Our analyses focus on fiscal ethnic GRD—that is, the perception that Europeans are unfairly financially disadvantaged compared to other ethnic groups. Although other forms of relative deprivation exist (see Smith et al., 2012; Tyler & Lind, 2002), fiscal GRD is particularly relevant because Europeans are objectively financially advantaged compared to Māori and other non-Indigenous ethnic minority groups in New Zealand (Marriott & Alinaghi, 2021; Ministry of Social Development, 2019). Moreover, fiscal GRD involves perceptions of one’s (financial) resources—an appropriate focus given the relationship between historical negation and opposition to resource-based reconciliation policies (Bertenshaw et al., 2023). That said, different forms of GRD have similar effects on intergroup attitudes (Smith et al., 2012), and GRD related to (perceived) unfair treatment (see Tyler & Lind, 2002) also reflects status threat concerns relevant to historical negation. Thus, although we focus on fiscal ethnic GRD in our analyses, we expect ethnic GRD in general will foster historical negation among settler colonisers.
To identify the unique effects of GRD on historical negation, our analysis includes two key covariates: SDO and individual-based relative deprivation (IRD). As mentioned, historical negation is partly motivated by a desire to maintain group-based social hierarchies (Osborne et al., 2021; Satherley & Sibley, 2018). Given that feelings of disadvantage among majority groups motivate a desire to maintain (or reestablish) a high social status, GRD correlates positively with SDO (Lilly et al., 2024a) and related ideologies (e.g., nationalism; Sengupta et al., 2019). Thus, adjusting for SDO ensures that any identified effects of GRD on historical negation represent the effects of perceiving one’s group as disadvantaged rather than a general desire to maintain group-based hierarchies. Relatedly, prior research suggests that IRD can “spill over” into GRD over time (Lilly et al., 2023). Accordingly, studies of relative deprivation should include both IRD and GRD where possible (see also Schmitt et al., 2010).
Overview of Hypotheses
The present study tests three focal hypotheses. First, within-person increases in SDO should predict subsequent within-person increases in historical negation (Hypothesis 1). This merely replicates prior analyses of our data (Osborne et al., 2021) with a different number of waves (and different covariates) but allows us to include SDO as a covariate. Second, we expect within-person changes in IRD to be unassociated with within-person changes in historical negation (Hypothesis 2). Indeed, relative deprivation theory posits that IRD is a stronger correlate of intrapersonal (rather than intergroup) outcomes (Smith et al., 2012). Thus, IRD is unlikely to impact the extent to which New Zealand Europeans deny the continued relevance of historical injustices experienced by Māori. Nonetheless, we include IRD in our analysis to control for the established, longitudinal relationship between IRD and GRD (Lilly et al., 2023).

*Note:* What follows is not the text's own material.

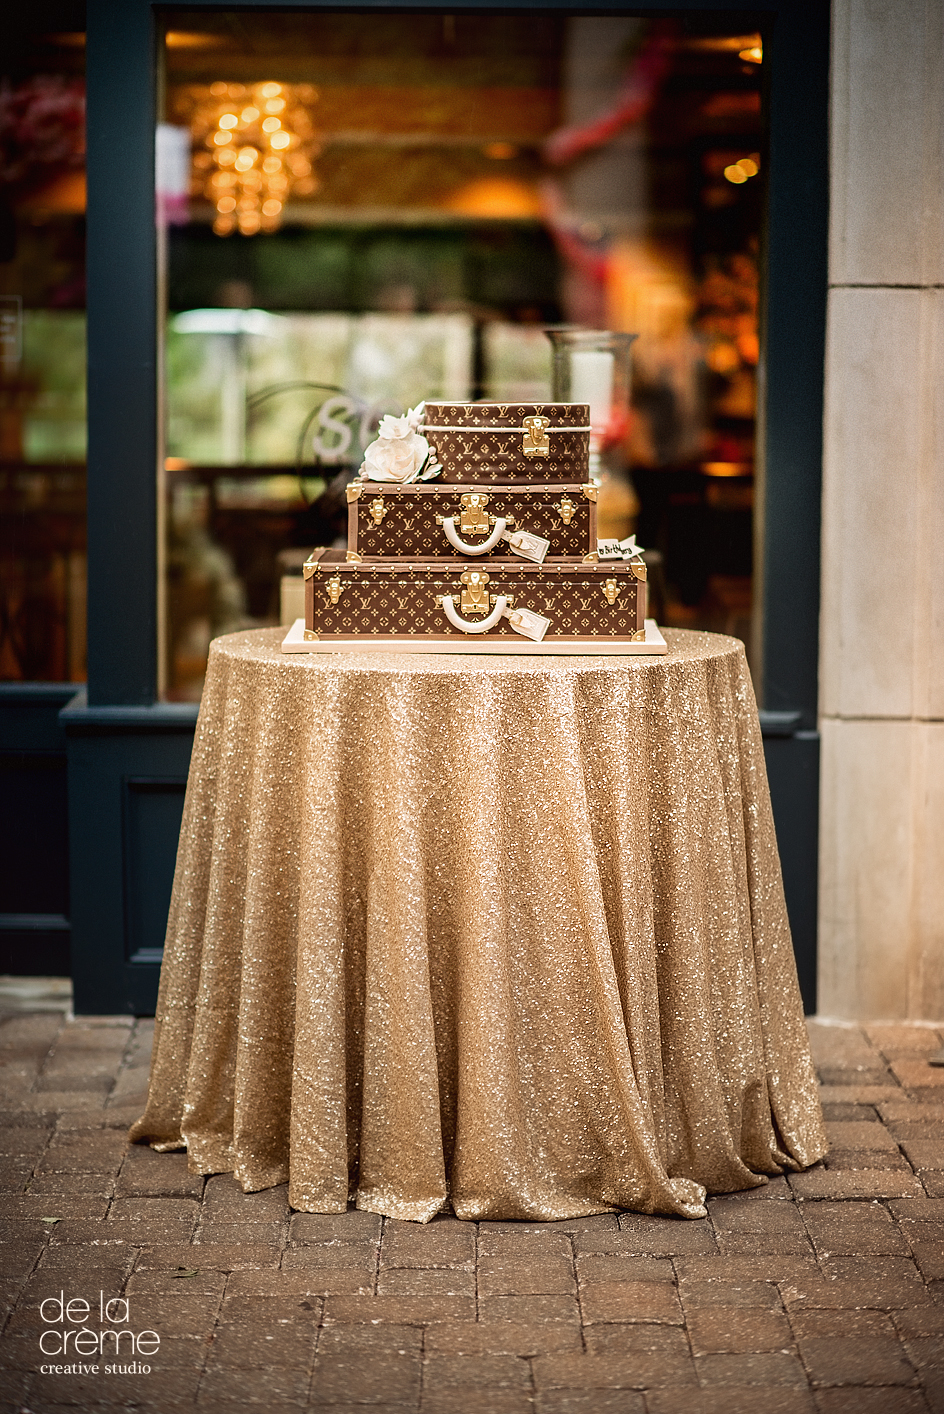 Louis Vuitton dessert table #sweettreatsbykv #desserttable  #louisvuittoncake #cakepops

Finally, we expect within-person increases in GRD to predict subsequent within-person increases in historical negation over time (Hypothesis 3). By examining our hypothesis while adjusting for the within-person effects of SDO, we assess the extent to which historical negation is driven by the perception that New Zealand Europeans are disadvantaged (GRD) versus an underlying motivation to maintain inequality (SDO).
Method
Transparency and Openness
Our analyses and hypotheses were pre-registered on the Open Science Framework: https://osf.io/adpqk/. We report all measures, exclusions, and pre-registered analyses in the manuscript. Our supplementary analyses are robustness checks of our results and were not pre-registered. The data described here are part of the New Zealand Attitudes and Values Study (NZAVS)—an ongoing, nationwide panel study of New Zealand adults. The NZAVS data are not available publicly due to ethics restrictions. However, a de-identified dataset containing the variables analysed in this manuscript is available upon request from the corresponding author, or any member of the NZAVS advisory board for the purposes of replication. Materials and the data dictionary for the NZAVS, as well as the syntax for all models reported in this manuscript, are available via OSF: https://osf.io/75snb/overview.
Sampling Procedure
We use all available data from Time 3 (2009) to Time 9 (2017) of the NZAVS, the first and last consecutive waves to include all our focal variables. Participants were initially sampled from the electoral roll, which is compulsory in New Zealand (Time 1 [2009] N = 6,518; response rate = 16.6%). Subsequent booster sampling occurred at Time 3 (2011; nbooster = 2,966), Time 4 (2012; nbooster = 5,107), Time 5 (2013; nbooster = 7,579), and Time 8 (2016; nbooster = 7,667) to diversify the sample and increase sample size. By Time 9 (2017), 17,072 participants remained in the study (retention from Time 8 = 72.0%), and a total of 31,545 participants completed at least one of the nine waves. Further information about the sampling procedure, retention rates, and ethics approvals for the NZAVS is available via the OSF.
Participants
Given our data stem from an ongoing longitudinal study, our sample size was determined by our ability to retain participants. Accordingly, we focused on the 26,759 participants who self-identified as New Zealand European and provided responses to our focal variables at one or more assessment occasions (Mwaves = 3.64, SD = 2.05, range: 1–7). Of these participants, most were born in New Zealand (81.8%) and the average age of participants at Time 3 (2011) was 44.49 (SD = 14.35). Concerning gender, 62.1% were women, 37.2% were men, and 0.7% were non-binary or gender diverse. Although all participants identified as New Zealand European, only 83.3% reported solely European affiliations. The remainder reported Māori (13.7%), Pasifika (1.8%), and Asian (1.2%) ethnic affiliations. 2 Table 1 displays further sample characteristics at each assessment occasion.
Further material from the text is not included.